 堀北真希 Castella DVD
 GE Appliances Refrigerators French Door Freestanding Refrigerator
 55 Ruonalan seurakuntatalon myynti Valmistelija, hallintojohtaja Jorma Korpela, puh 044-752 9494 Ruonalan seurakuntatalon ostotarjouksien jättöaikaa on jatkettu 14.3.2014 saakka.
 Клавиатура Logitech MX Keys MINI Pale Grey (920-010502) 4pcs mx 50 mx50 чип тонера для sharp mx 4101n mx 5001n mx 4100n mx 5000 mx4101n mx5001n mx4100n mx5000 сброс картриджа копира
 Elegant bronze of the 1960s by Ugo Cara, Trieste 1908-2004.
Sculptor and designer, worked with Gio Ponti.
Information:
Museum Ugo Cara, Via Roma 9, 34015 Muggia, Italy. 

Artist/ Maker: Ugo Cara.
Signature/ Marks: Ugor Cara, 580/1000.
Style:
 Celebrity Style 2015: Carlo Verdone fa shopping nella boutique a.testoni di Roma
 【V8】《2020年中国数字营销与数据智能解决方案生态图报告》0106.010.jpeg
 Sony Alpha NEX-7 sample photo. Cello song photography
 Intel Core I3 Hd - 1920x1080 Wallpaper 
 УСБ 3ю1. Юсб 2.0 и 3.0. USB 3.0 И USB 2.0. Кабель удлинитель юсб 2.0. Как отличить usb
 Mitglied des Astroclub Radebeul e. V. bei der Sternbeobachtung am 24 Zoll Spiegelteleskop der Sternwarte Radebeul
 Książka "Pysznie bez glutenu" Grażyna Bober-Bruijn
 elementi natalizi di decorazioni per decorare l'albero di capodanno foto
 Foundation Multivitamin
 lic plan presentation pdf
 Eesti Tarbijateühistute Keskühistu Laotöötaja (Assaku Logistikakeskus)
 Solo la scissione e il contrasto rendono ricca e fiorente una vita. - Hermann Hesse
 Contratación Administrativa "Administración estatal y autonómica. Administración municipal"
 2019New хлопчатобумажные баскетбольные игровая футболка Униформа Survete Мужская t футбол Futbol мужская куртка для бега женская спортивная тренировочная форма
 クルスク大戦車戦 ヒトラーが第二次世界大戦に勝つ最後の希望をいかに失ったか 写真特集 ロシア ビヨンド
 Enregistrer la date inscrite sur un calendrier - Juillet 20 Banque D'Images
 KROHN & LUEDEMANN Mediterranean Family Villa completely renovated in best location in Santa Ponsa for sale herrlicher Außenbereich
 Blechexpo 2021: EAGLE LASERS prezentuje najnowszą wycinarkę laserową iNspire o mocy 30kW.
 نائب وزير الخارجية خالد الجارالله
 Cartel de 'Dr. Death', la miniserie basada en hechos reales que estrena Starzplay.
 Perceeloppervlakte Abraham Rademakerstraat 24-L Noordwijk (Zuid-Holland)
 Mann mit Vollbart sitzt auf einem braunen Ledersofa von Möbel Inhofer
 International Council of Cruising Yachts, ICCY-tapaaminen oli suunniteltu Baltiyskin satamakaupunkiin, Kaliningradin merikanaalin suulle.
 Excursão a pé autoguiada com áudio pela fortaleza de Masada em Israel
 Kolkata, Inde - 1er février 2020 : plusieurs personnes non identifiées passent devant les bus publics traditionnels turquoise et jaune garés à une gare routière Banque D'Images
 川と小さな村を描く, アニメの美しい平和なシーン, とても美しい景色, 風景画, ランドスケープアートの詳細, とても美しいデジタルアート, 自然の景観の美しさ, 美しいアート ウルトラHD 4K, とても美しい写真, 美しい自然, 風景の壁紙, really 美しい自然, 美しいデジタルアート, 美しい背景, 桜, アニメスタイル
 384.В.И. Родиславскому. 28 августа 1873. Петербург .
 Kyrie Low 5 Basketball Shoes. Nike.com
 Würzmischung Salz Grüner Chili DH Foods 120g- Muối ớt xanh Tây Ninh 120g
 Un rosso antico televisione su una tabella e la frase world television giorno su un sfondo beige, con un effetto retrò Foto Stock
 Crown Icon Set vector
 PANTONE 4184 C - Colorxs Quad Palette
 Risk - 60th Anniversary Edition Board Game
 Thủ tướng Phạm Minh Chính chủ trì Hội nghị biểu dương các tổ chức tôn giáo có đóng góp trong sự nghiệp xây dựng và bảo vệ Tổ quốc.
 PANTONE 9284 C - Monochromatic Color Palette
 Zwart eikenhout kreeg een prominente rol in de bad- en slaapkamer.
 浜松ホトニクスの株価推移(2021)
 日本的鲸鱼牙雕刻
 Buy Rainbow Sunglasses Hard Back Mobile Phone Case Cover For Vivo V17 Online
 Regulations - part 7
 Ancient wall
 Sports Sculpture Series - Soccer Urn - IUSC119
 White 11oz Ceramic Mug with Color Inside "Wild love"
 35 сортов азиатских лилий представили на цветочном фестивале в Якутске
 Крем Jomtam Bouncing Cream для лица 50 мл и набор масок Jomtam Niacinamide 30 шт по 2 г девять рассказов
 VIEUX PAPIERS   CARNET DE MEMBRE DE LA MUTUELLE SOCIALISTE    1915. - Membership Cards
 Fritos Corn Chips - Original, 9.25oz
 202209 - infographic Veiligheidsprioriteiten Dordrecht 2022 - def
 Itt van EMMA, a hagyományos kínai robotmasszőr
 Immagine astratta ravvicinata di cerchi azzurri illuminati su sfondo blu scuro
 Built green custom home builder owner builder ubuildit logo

==*==

## Exercise
Repeat each line, unchanged, from the line that contains "Immagine astratta ravvicinata" to the end of the listing above.

## Written response
 Immagine astratta ravvicinata di cerchi azzurri illuminati su sfondo blu scuro
 Built green custom home builder owner builder ubuildit logo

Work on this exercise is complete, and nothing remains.